2016年6月10日星期五

张楚的社会主义好

  今年六四纪念的时候,我一个字都没写。想想看,好像从07年之后我就再没写过任何一篇有关六四的文字了。
  我觉得很悲哀,那种从骨子里面透出来的悲哀。

  今天去给女儿买pizza的时候,又听到了张楚的《社会主义好》,一下子崩溃了,就跟在听到了给中国共产党准备好的葬礼上的哀乐一样,那种失望,那种绝望。
  我想,我从骨子里面还是一个深深憎恨着体制的人,尽管我是一个受益于体制良多的人。

  曾几何时,我所信仰的一切都垮掉了。

  六四在苏联的背上狠狠推了一把,把苏联推到了死亡的深渊当中。
  六四也在我的心里狠狠推了一把,让我看到了一个冷漠却真实的政治谎言。
  Steven蒋说我是在中南海里面长大的,那些最令人恐惧的东西是刻在我骨子里面的,我想他说得对。虽然我讨厌老蒋讨厌得不得了,但是这一点,他说对了。

  张楚唱的每一个字都狠狠地、像子弹一样打进我心里。
 
  让我最绝望的时候,是我在重庆和万州的时候。我从超市里面拎着袋子走出来的时候,几个棒棒凑上来笑着用川普问我要不要帮忙挑回去。他们的脸,就和罗中立画的《父亲》一模一样。我陡然之间觉得备受打击——无论是我答应还是我拒绝他们,我都在战栗。棒棒说,一次十元,随便送到那边任何一个小区都行。我还在迟疑,他赶紧补充:八元也行。我把袋子递给他,棒棒很开心地挑起来,跟我回我的出租屋去,我给了他十元。

  “人民地位高。”

  我在万州的时候,我住的地方是三峡移民小区。那个时候,我每个周末都在长江边上的广场遛弯,和那些大爷大妈聊天。他们从戒备到和我可以瞎侃,我花了将近一个月的时间。他们告诉我,给他们准备的房子,一个平方2500,但是根本拿不到,一个平方3500才行。他们上访过,全部被堵回来。他们在万州住着,只能在小区里面做点小生意,没人愿意雇他们。医保根本没用,报销要一年多才能下来,无论大病小病,只能死扛。类似的故事,我在万州听了许多许多。

  “社会主义江山人民保。”

  或许你无法想象那种平静的麻木,平静的忿怒,平静的叙述。
  我听在耳中,那种平静就跟岩浆没什么两样。

  “江山坐得牢。”

  在成都和农民为了几棵树苗斗智斗勇,为了坟里面埋了几个人掰扯不清,我觉得这才是真正的中国——北京、上海、深圳、广州,那些都不是真正的中国,那是一块红布,蒙住了我的双眼也蒙住了天。没人问我看到了什么,我自问自答,我看到了平静的忿怒。
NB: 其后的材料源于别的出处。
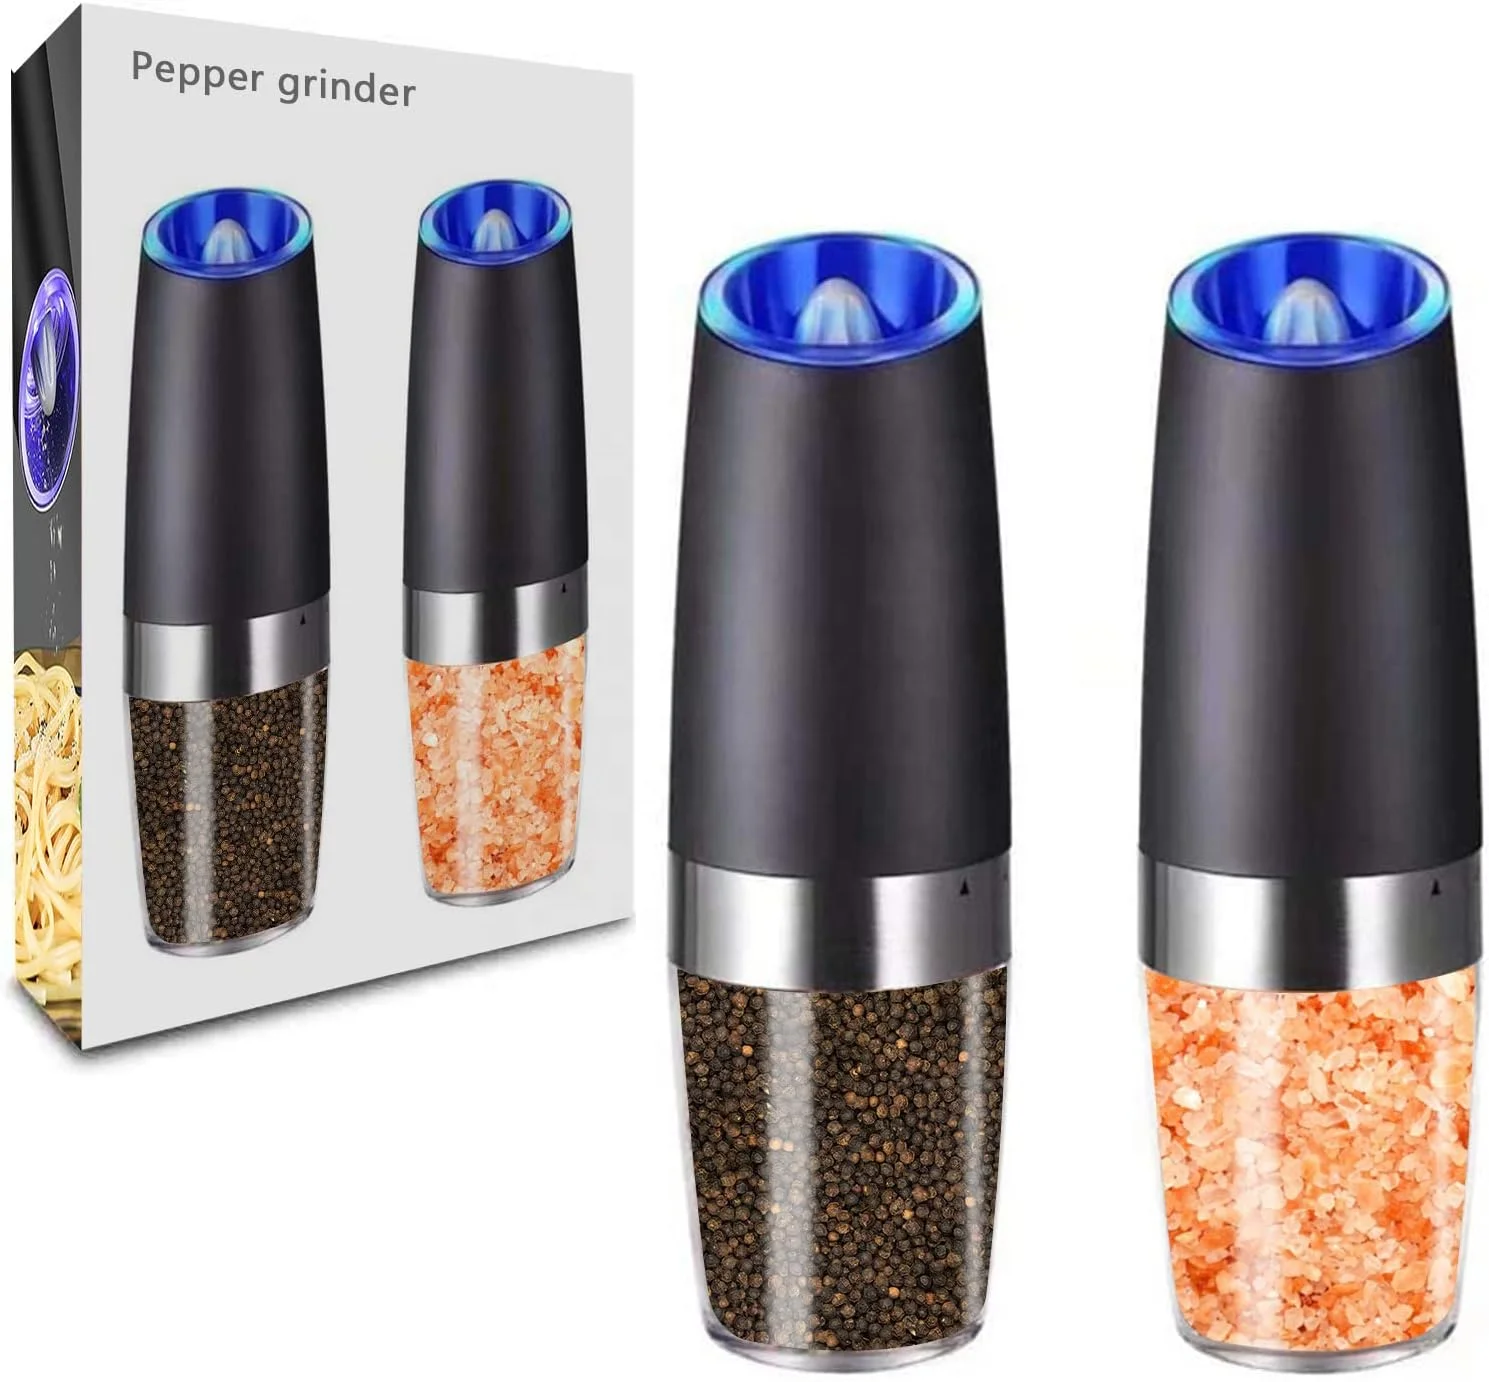 

Black pepper mill grinder set spice jar Electric gravity salt and pepper grinder with blue light

  那些平静而忿怒的人也许根本不记得六四,六四也好,民主女神也好,对于他们来说只是一个很遥远也无用至极的符号,这个符号换不来人民币。
  你也许会想问我,尊严呢?
  尊严和生存,他们从来不用花心思去抉择。

  但是,当他们连生存都无法办到的时候,该怎么办呢?
  他们还会相信社会主义好吗?

  张楚声嘶力竭地唱着社会主义好,我听在耳中,那跟嚎丧没有什么两样。他所唱的每一个字,都是对现在这个社会最狠的打脸,都是最露骨最无耻的讽刺。
  我不知道什么时候会有哪个人来给中华人民共和国或是共产党的棺材上钉上最后一根钉子,但是我想我已经知道该用哪首歌送它最后一程了。

  台湾的二二八,香港的六七,美国的九一一,中国的六四,都是撕开政治伪善面纱、露出最血淋淋一面的事件。台湾本省人、香港底层民众和媒体人、美国全社会、以及中国曾经的精英学子,都不会忘记。
  我深深地怨恨那个年头所发生的一切,原本还笼着光彩的一切都被呼啸的子弹与鲜血推倒,89和66没有任何区别,生与死,就在一念之间。
  害怕吗?
  那就滚蛋吧!
  在海外缅怀社会主义好的日子?我压根儿就没这样想过。我只感到恐惧,2010年我似乎忘记了我的恐惧,回到中国之后,那种恐惧立刻又回来了。
  如此而已。

  张楚大声嘲笑着我的离开:

  “反动派夹着尾巴逃跑了。”

  愿上苍保佑吃饱了饭的人民。